Posted By Martyn Warwick , 19 October 2009 | 0 Comments | (0)
Tags: legislation standards Fraud identity theft storage call centres

Do you worry about the security of your data when required to give financial and other personal details over the phone to a call centre agent? Well, a new survey of the UK's call centre managers confirms that you are absolutely right to be concerned, as Martyn Warwick reports.

A nationwide poll of call centre managers by audio recording company Veritape shows that 97 per cent of call centres routinely and consistently either ignore or deliberately flout data security rules and best practice by keeping confidential personal records (including PIN and security codes and other sensitive customer data) on insecure servers within the call centre itself rather than deleting the records or locating the data elsewhere in guaranteed secure surroundings and circumstances.

Such practices are in direct contravention of global standards promulgated by the industry body the Payment Card Industry Data Security Council and demonstrate that voluntary regimes like this are little more than a PR-inspired sop designed to allay public concerns but, in practice, are unenforceable and completely without teeth or meaningful sanction.

For its survey, Veritape surveyed 133 British call centre managers and found that just three per cent of them comply with industry guidelines - truly an indictment of the basic worthlessness of self-regulation on this hugely important area.

What sanction can the PCI possibly take against those that so blatantly and regularly ignore its rulings?
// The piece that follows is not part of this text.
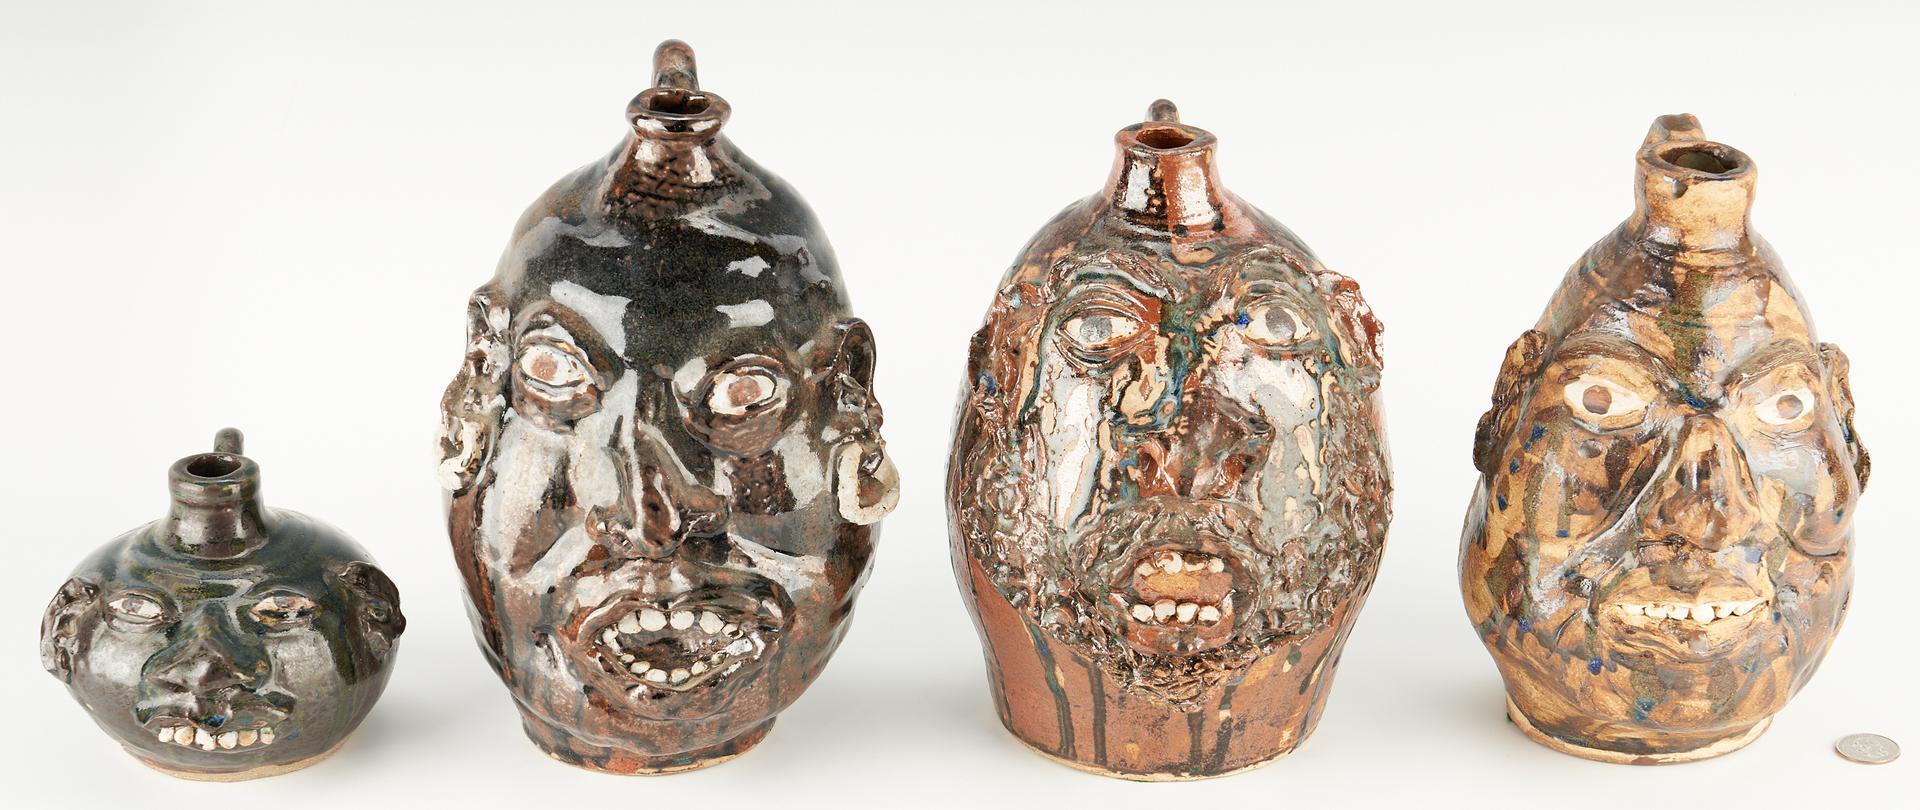 Lot 1042: 4 Tennessee Folk Art Pottery Face Jugs, Betty Jo Cabe

Drum them out of the club? Send them a sharply-worded rebuke? Report them to the Data Protection authorities? No, of course not. If it did that it would be like a turkey voting for Christmas - and someone's sinecure of a job would disappear.

As the research show, the truth of the matter is that rather than deleting details of transactional conversations with customers - as they are required to do - 19 out of 20 call centres just store them; insecurely and indefinitely.

The managing Director of Veritape, Cameron Ross, says: “The storage of this actionable data creates a huge reservoir of sensitive information that is putting the financial resources of millions of people at risk. This practice ought to send a shiver up the spine of card holders and is wholly unnecessary.”

PCI regulations state that the three digit security code on the back of credit and debit cards cannot be retained and stored. Further, it requires that "sensitive authentication data" must not be stored after authorisation - even in encrypted format. However, the great majority of call centres simply ignore the rule and keep details anyway.

As Cameron Ross adds, “What we have is a global industry standard that is routinely ignored by call centres throughout the UK. The storage of this actionable information is putting the financial resources of millions of people at risk. Despite clean desk policies and the use of encryption, successful hacking incidents are rising steadily.”

And so they are. It's already easy enough for hackers to gain access to credit and debit card numbers, as the lamentable state of UK computer security and the appalling numbers of incidents where the personal data of tens and hundreds of thousands of individuals is lost and compromised show only too well.